In the Voices section of the Spring 2018 issue of The Civil War Monitor we highlighted first-person quotes from Union and Confederate troops about the use of tobacco among soldiers and civilians. Unfortunately, we didn’t have room to include all that we found. Below are those that didn’t make the cut.
“I’m sorry you feel so bad about my smoking. I think, after you had spent a night or two on picket and saw the comfort the soldiers draw from a pipe or cigar as they sit round the fire, you would say, ‘I forgive you—smoke, at least while you are in the army.’”
—Oliver Wilcox Norton, 83rd Pennsylvania Infantry, in a letter to his cousin, February 27, 1862
“The boys are greatly in need of tobacco, but I managed to get a handkerchief full of smoking—you know I don’t chew—while out foraging on my own hook; it was a good thing I can assure you. Some of the captains supply the men from company funds, and Captain Partridge buys it himself, and trusts the men until they are paid. Our captain has company funds, but is so mean, he will not use it for any thing. He has never done any thing for the men, by which he would spend a cent of his own money.”
—Alfred Davenport, 5th New York Infantry, in a letter to his mother, April 21, 1862
“Saw Wardell to-day, and he gave me some tobacco, which ‘saved my life’ for 24 hours at least.”
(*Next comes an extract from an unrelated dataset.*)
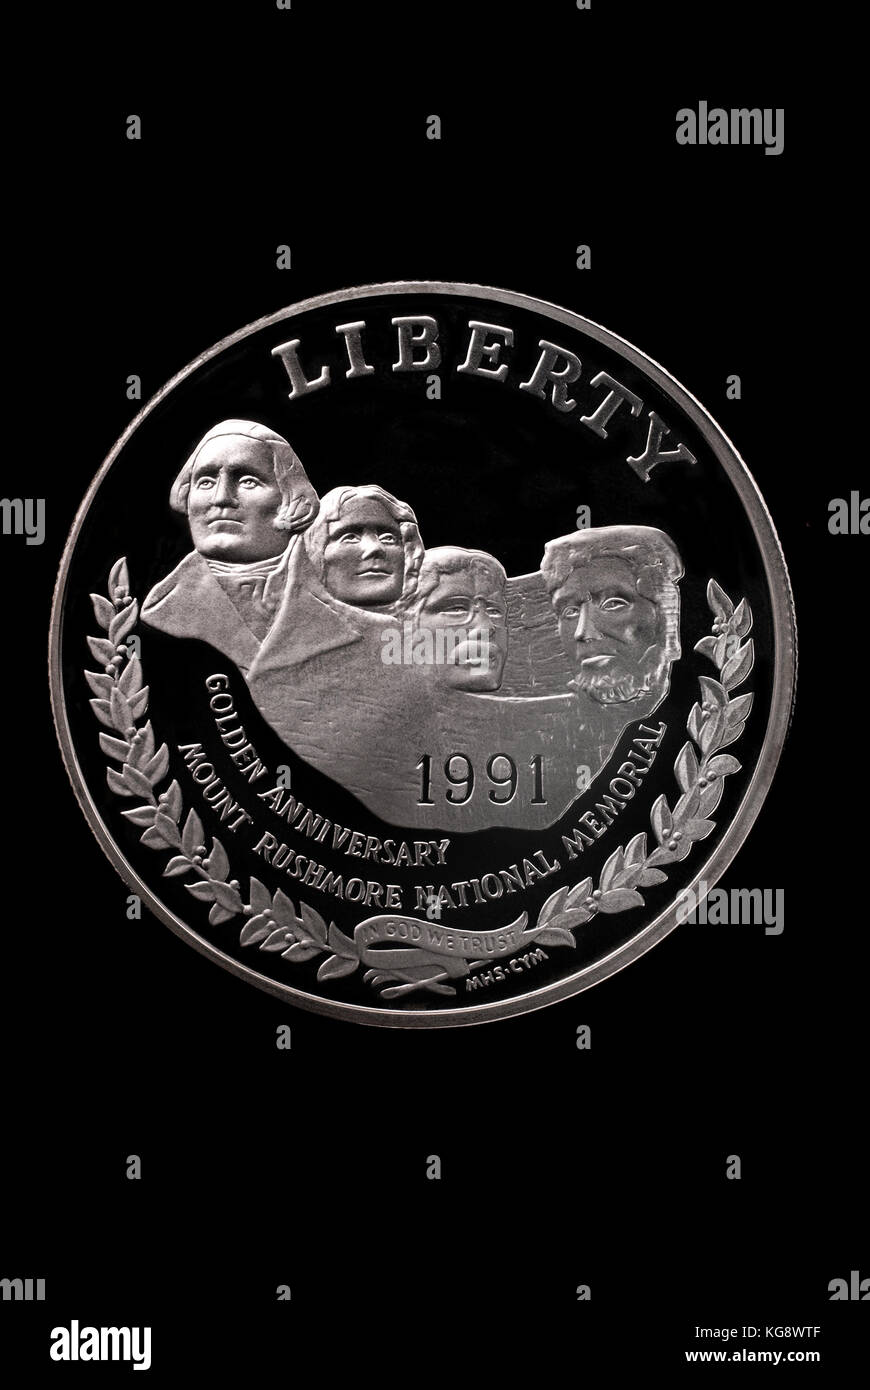 Usa liberty Dollar. zu Ehren des Mount Rushmore National Memorial anneversary. 1991 Vorderseite Stockfoto

—Andersonville prisoner Eugene Forbes, on an encounter with a fellow POW, in his diary, November 15, 1864
“I have given up smoking. Think of that! You see, at first, when I found there was little to do, I smoked vigorously to pass away time. But when the cigar was smoked, there was an end to the amusement, so I then determined to break off smoking altogether, and, to make it exciting, I kept a handful of cigars in my pocket so that the temptation might be frequently incurred. Whenever I longed for a fragrant Havana, I would take one in fingers, and then sitting back in my chair, reason philosophically on the pernicious effects of tobacco. On reaching the point of conviction, I would return it to my pocket unlighted. This, you see, has afforded me a very excellent pastime.”
—Captain William Thompson Lusk, 79th New York Infantry, in a letter to his mother, July 10, 1863
“It would be difficult to find elsewhere than at this place a collection of two hundred and fifty women so unkempt, frowzy, ragged, dirty, and altogether ignorant and wretched. Some of them were chewing tobacco; others, more elegant in their tastes, smoked. Another set indulged in the practice of ‘dipping.’ Sights like these soon put to flight our rosy ideals.”
—Union staff officer George Ward Nichols, on encountering the female workers at the Saluda Factory in Columbia, South Carolina, in his diary, February 16, 1865
“Tobacco, in all its forms, seems indispensable, by reason of the moral courage with which it is supposed to inspire alike the soldier and the civilian. This article is laid in by the men whenever and as often as occasion presents. In our great country it has all sections for its own. It is certain that the war is going to give an immense permanent stimulus to the consumption of this standard narcotic.”
—Private Louis Richards, 2nd Pennsylvania Emergency Militia, in his diary, September 15, 1862
“We could go out to the fire at any time of night we pleased … and we would always find half a dozen of the boys sitting about the fire-logs, smoking their pipes, telling yarns, or singing snatches of old songs.”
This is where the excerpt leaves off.